Doit-on, pour autant, réduire le socialisme africain à un verbalisme et croire qu'il n'a pas de consistance effective ? Loin de là. Disons qu'il a su être un pré-socialisme et créer, sans se jeter dans des aventures prématurées, les conditions de l'indépendance économique. Je pense à des expériences comme celle poursuivies au Sénégal, en Côte d'Ivoire, au Cameroun aussi sans doute (bien que sur ce point ma documentation soit moins précise) en vue de susciter un véritable commerce intérieur autochtone. Doter ces commerçants autochtones d'un pécule en marchandises pour assurer leur départ, leur imprimer le sens de la propriété commerciale, c'est-à-dire le respect du  client qu'on « n'estampe » pas d'un seul coup, quitte à l'éloigner à jamais, mais qu'au contraire on s'attache par la modération vis-à-vis de lui. Vers ces objectifs, des actions sont entreprises, notamment au Sénégal, qui donnent satisfaction aux aspirations confuses mais naturelles qui s'expriment dans le socialisme africain. De même, il n'est d'autre vrai socialisme que le hausse du niveau de vie des masses et, en Afrique, ces masses sont d'abord rurales.
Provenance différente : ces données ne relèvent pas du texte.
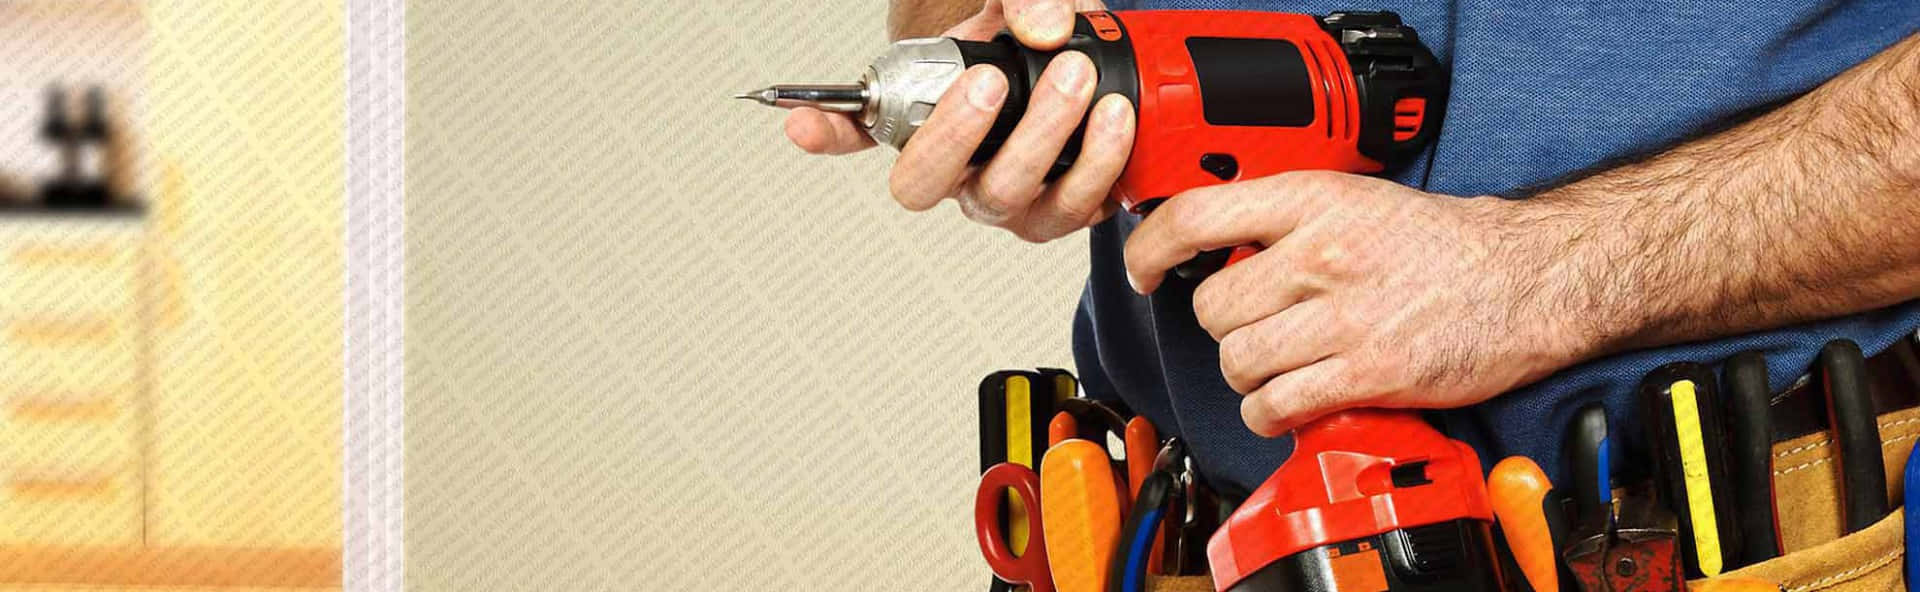 Handyman Fixing Electrical Issues Wallpaper
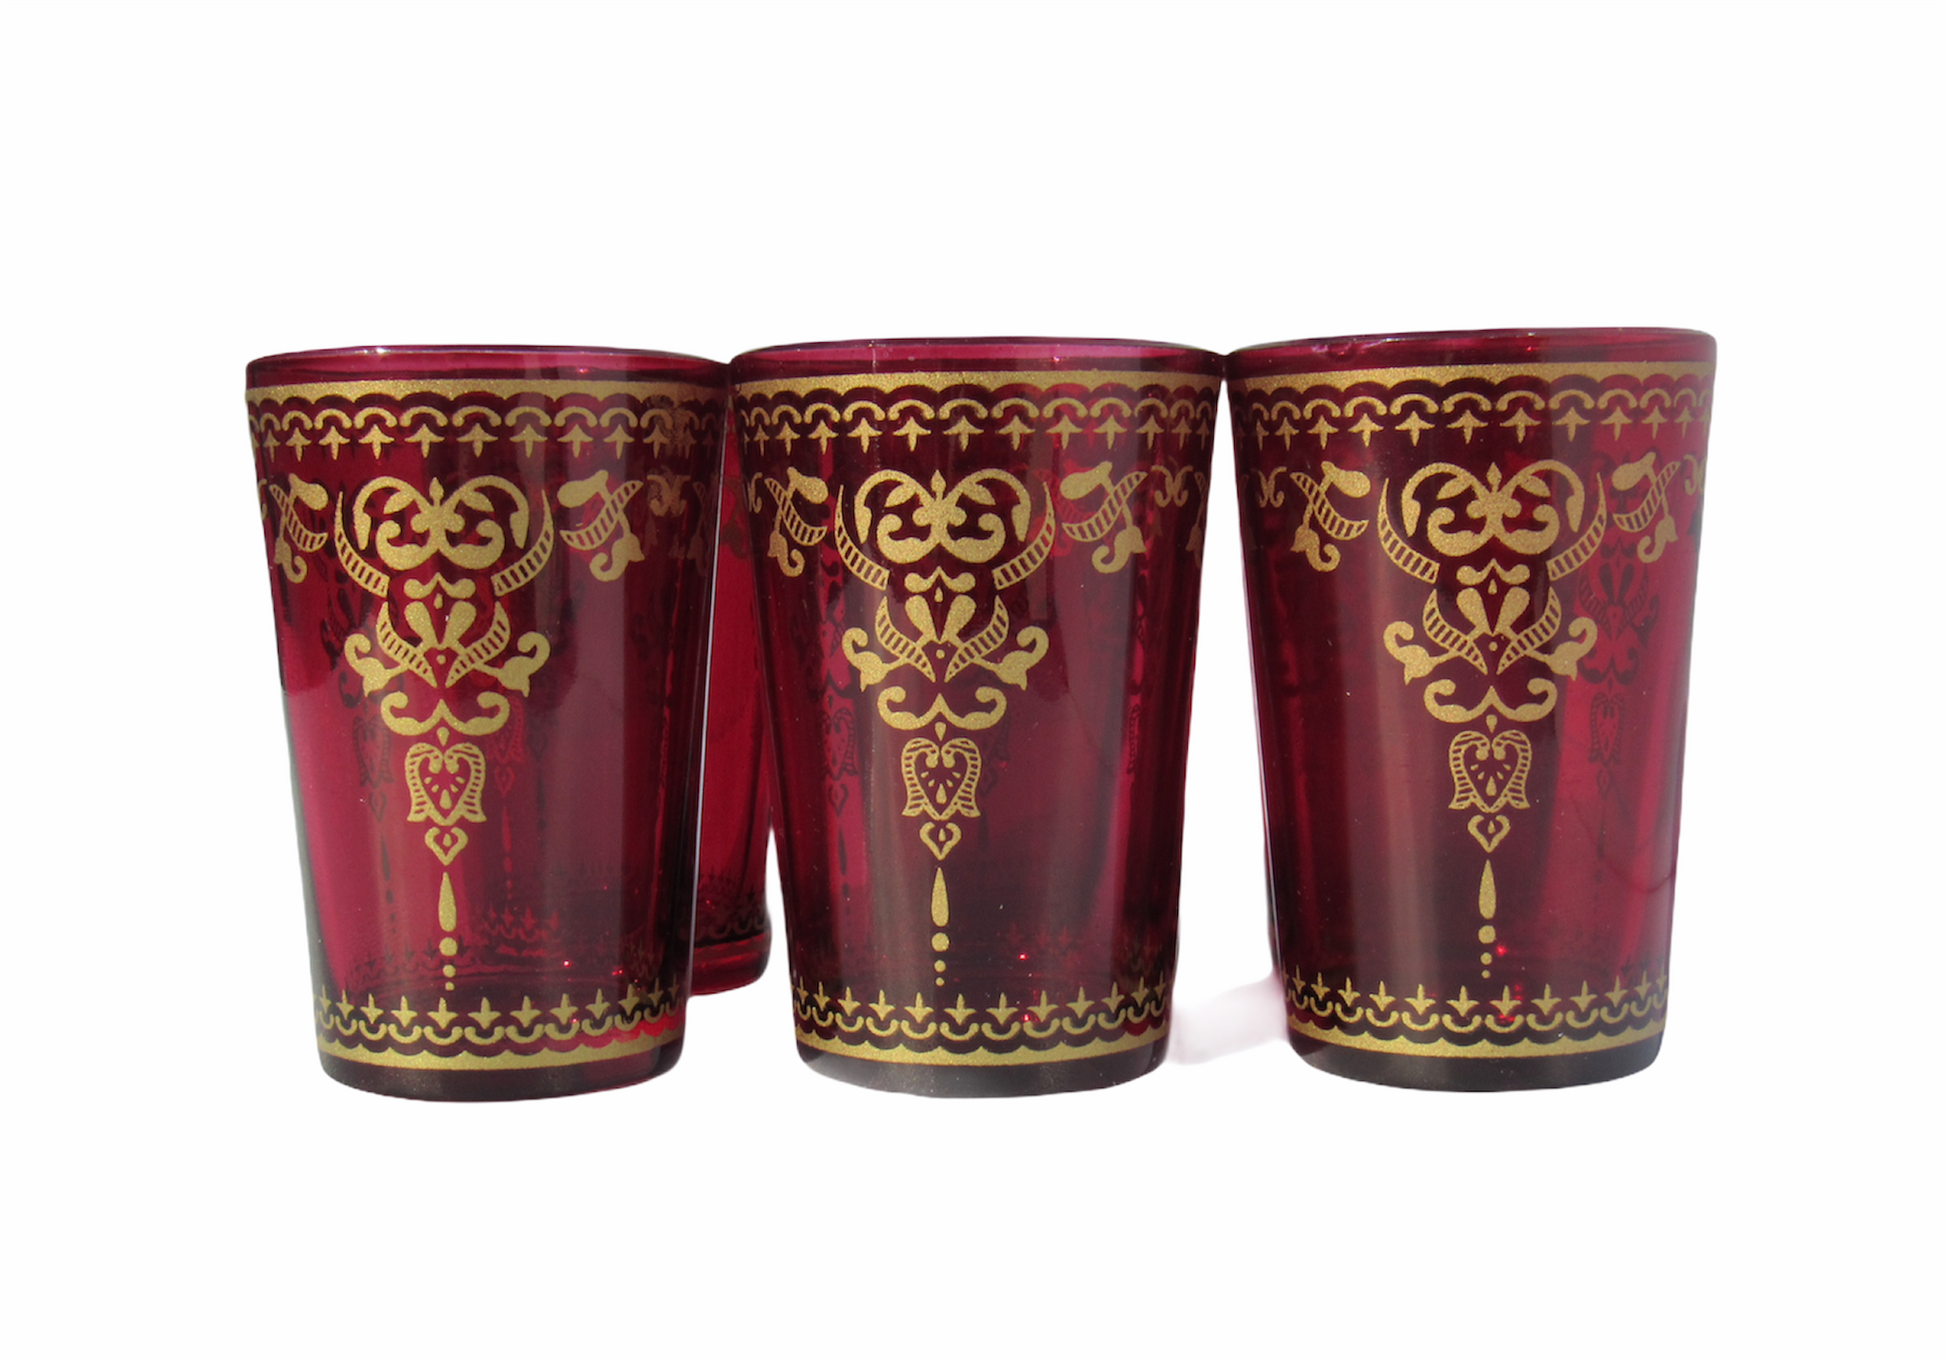 Moroccan Tea Glasses, Moroccan Drinking Glasses – Pack Of 6 – Unique and Stylish – Handmade Traditional Glass Set – For Tea, Coffee, Juice, Water, Etc. - Marrakesh Gardens

Le vrai socialisme, en Afrique, est au niveau du village, cette famille élargie qui constitue la cellule de base de la société noire. C'est là qu'il faut l'instaurer, en s'appuyant sur l'esprit communautaire et en le mettant au service, non pas de coopérations trop larges pour être contrôlées, mais de petites sociétés coopératives qui épousent justement le village. Les Sociétés Indigènes de Prévoyance ont laissé un mauvais renom. Elles le méritaient, car l'administration coloniale en a fait un usage abusif et les a détournées de leur fin. Si les Sociétés Indigènes de Prévoyance échouèrent, c'est d'avoir été l'affaire non du village, mais du « commandant » qui en a fait trop souvent sa « caisse noire ». Néanmoins, elles s'inspiraient d'un principe sain et qu'un véritable socialisme africain peut reprendre à son compte : modeler l'économie sur le village et, partant, ressusciter celui-ci.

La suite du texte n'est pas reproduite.